Conti said state officials have allocated her doses in part because her clinic is in a largely Black, Hispanic and low-income Asian neighborhood particularly hard-hit by Covid. But in fact, mostly white and wealthier individuals have traveled to receive infusions. She said she has brought up the concerns to local public officials, to no avail. 

“We talk about this disparity,” she said. “But there’s no plan to change it.”

A spokesperson for AstraZeneca said it did not track demographic data, referring questions to HHS, which did not respond. 

Evusheld lasts only around 6 months, and possibly less against the new variants. The first group of patients who received it are now coming back in for their new shots. This raises new questions of equity — how many people will actually get the refill? — but also offers an opportunity to reach out to old and new recipients alike, Kotton said. 
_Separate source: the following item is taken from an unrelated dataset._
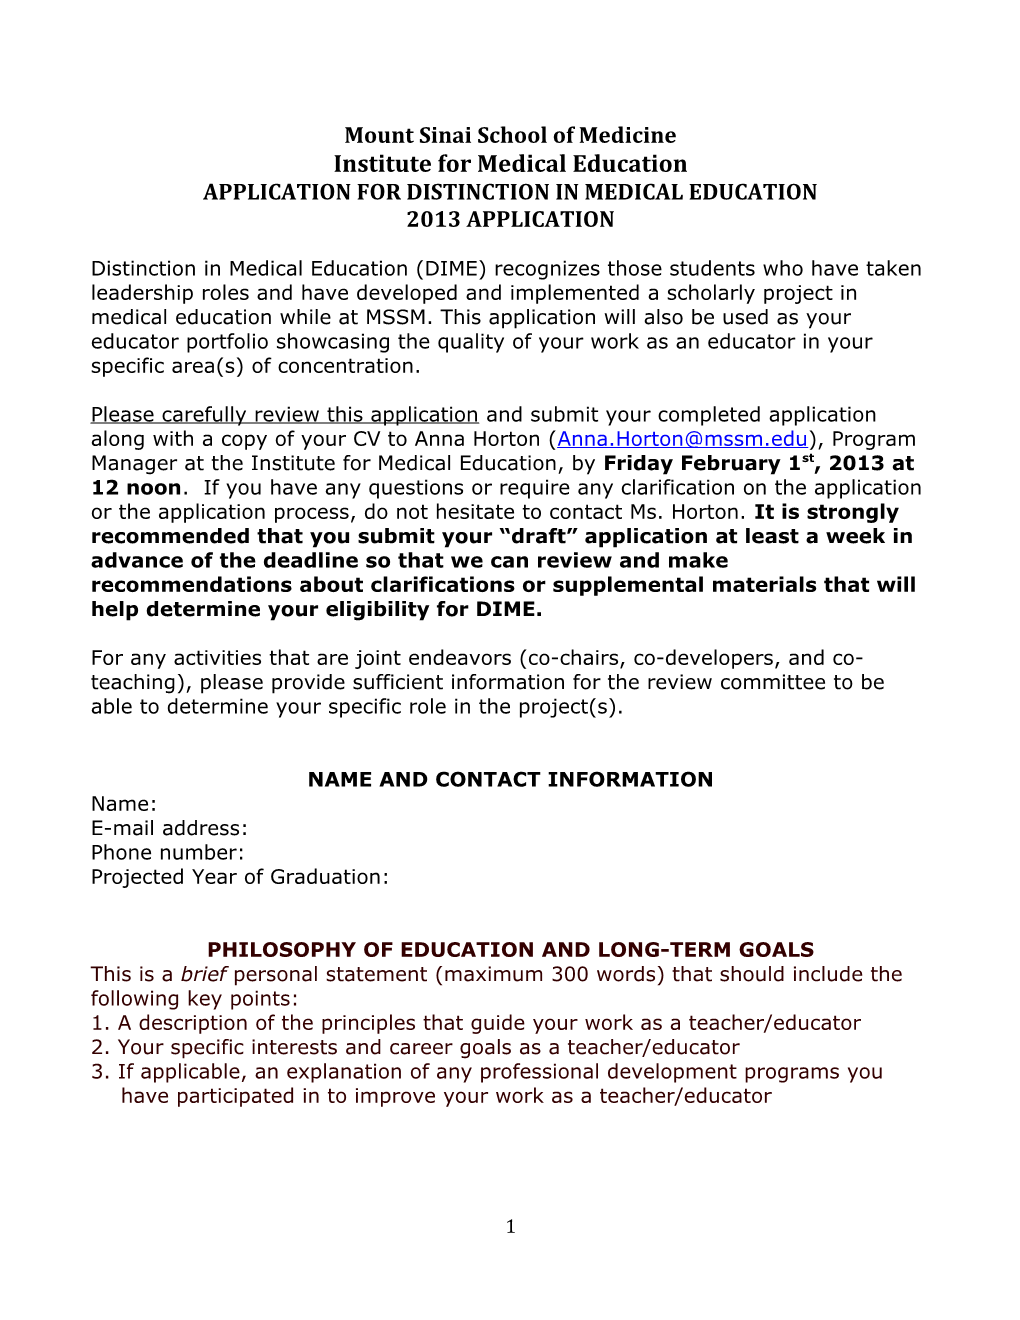 Application for Distinction in Medical Education (Dime)

Those efforts will include a direct-to-consumer ad campaign that AstraZeneca launched last month — the first such campaign for any Covid therapy — after working closely with the FDA to stay within the bounds of their emergency authorization. 
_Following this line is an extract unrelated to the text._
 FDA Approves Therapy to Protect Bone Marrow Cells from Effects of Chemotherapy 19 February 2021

“It is the right thing for the company to do to build awareness and education given what we know regarding utilization, lack of awareness, and lack of activation,” a spokesperson said.

Padgett is hopeful access will soon become easier, but she thinks they finally have an end to their own endeavor. After STAT reached out for comment, one medical center agreed to give Hannah the drug, saying there was simply a mixup. She is filing paperwork and hopes to have an appointment this week.

“For the next patient it’ll be better,” Padgett said.  “But still, it shouldn’t be this hard for anyone.”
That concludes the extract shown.